Подоспела Делла со стаканом воды. Адлер попытался отстраниться, но Линда забрала у помощницы стакан и поднесла к его губам.
— Не надо ребячиться, Курт. Позволь мне помочь тебе.
— Да чем тут поможешь, — но воду он все же выпил. — Я прогорел, вылетел в трубу… Ты же видела.
— «Скорая» уже едет, миз Вольф, — появился в коридоре Колин.
— Пока ты жив, еще ничто не потеряно, — мягко сказала Линда Вольф. — И еще все можно изменить.
— Все еще можно изменить… И я придумаю, как, — пробормотала она, когда Курта укладывали на носилки и несли в машину «скорой помощи».
*
Хенсли Ли шел мимо Технической академии, когда услышал за спиной гудок клаксона. Вначале он не обратил внимания на этот звук, но массивный белый внедорожник с черной эмблемой «ГИДРОБИО» на борту поравнялся с ним и снова требовательно просигналил.
Хенсли медленно обернулся. Невысокий молодой человек лет тридцати, смуглый брюнет с характерной внешностью коренного жителя Северной Америки (в прошлом — чемпион США по тхэквондо, ныне — преподаватель детской спортивной школы на паях с капитаном сборной, Джимом) и отработанной бойцовской пластикой в движениях.
— Простите, сэр, — высунулся из окна машины водитель, блондин в черной футболке с той же эмблемой и белой форменной кепке, — с вами желают поговорить. Не будете ли вы так любезны…

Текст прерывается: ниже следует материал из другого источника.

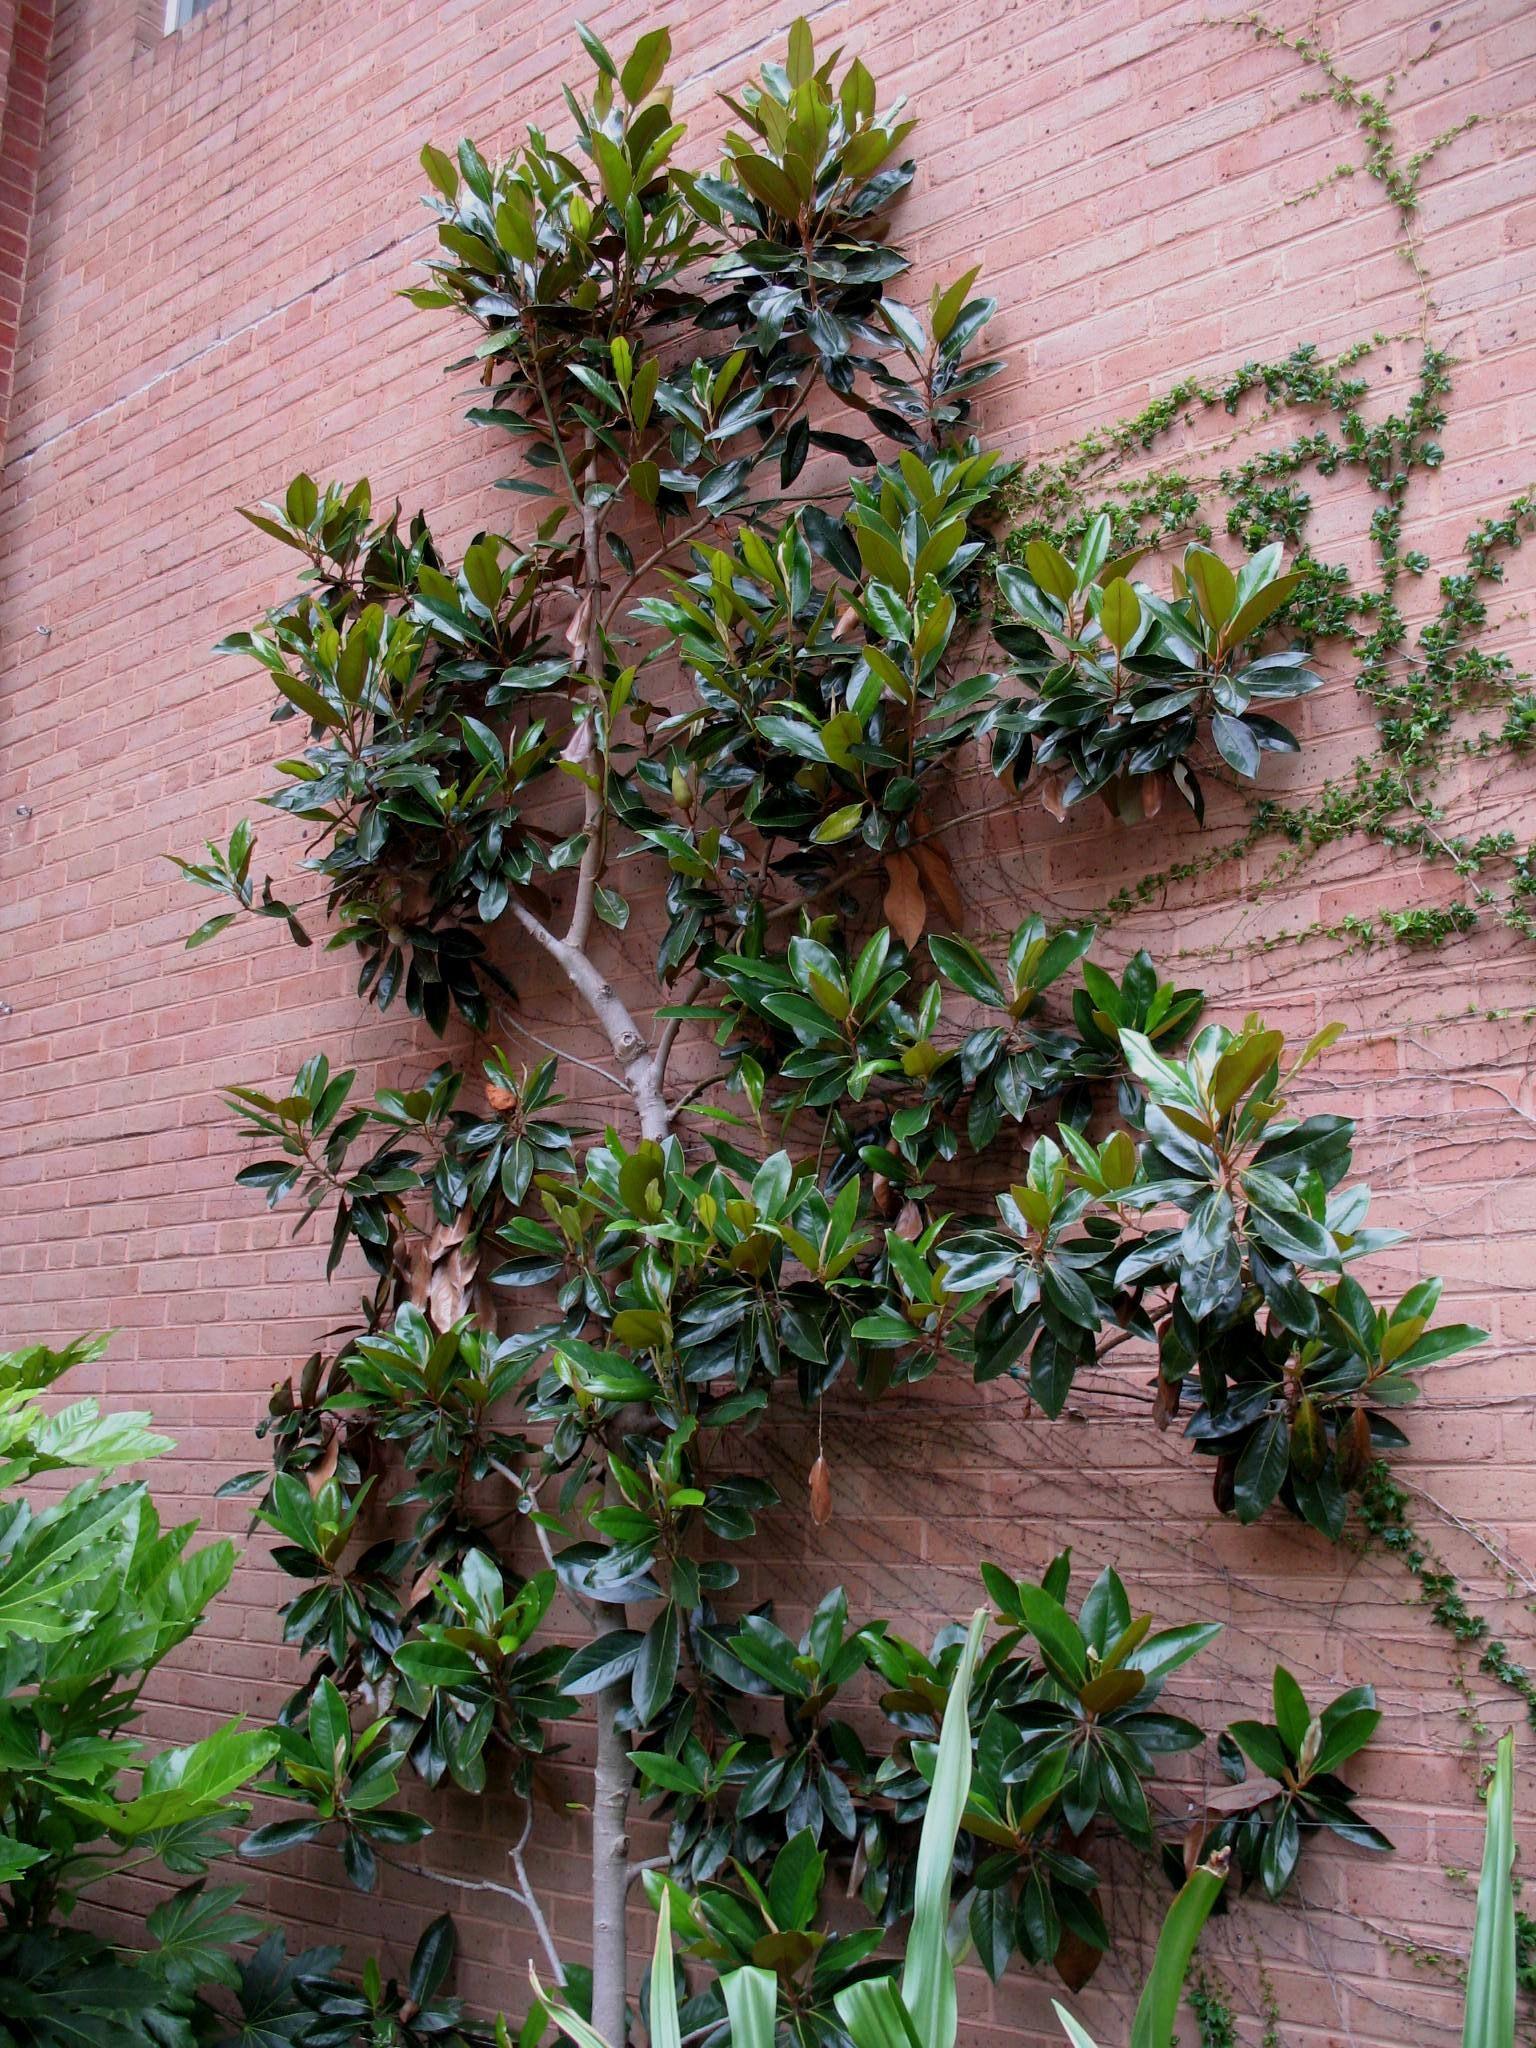 Magnolia Grandiflora Little Gem Magnolia Grandiflora Little Gem Onlineplantguide Com Magnolia Little Gem Evergreen Trees For Sale Magnolia Grandiflora

Хенсли был наслышан об ГИДРОБИО. Эта корпорация формально занималась гидробиологией, но на самом деле работала на оборонную промышленность и пользовалась покровительством Канберры. Ее главный офис расположился в Австралии, в штате Квинсленд, а филиалы были разбросаны почти по всем странам мира. Наработками ГИДРОБИО охотно пользовались оборонщики других государств, и престиж корпорации на мировой арене был высок.
Глава ГИДРОБИО, доктор Джозеф Бернадотт, нередко появлялся на экранах телевизоров — высокий худощавый блондин лет сорока, с большими залысинами над лбом, с бледным аскетичным лицом и ледяными глазами под круглыми очками. Умное властное лицо человека, привыкшего повелевать и молниеносно принимать решения. Он обладал врожденной харизмой лидера и был способен заставить слушать его любую аудиторию, сумел так грамотно построить свою деятельность, что ни у него, ни у корпорации не было прямых врагов, все ограничивалось злопыхательством: «Гангстер, пройдоха, шведский выскочка!».
В Лас-Вегасе находился один из американских филиалов ГИДРОБИО — огромный, обнесенный неприступным забором черно-белый комплекс, сверкающий на солнце, как льдина.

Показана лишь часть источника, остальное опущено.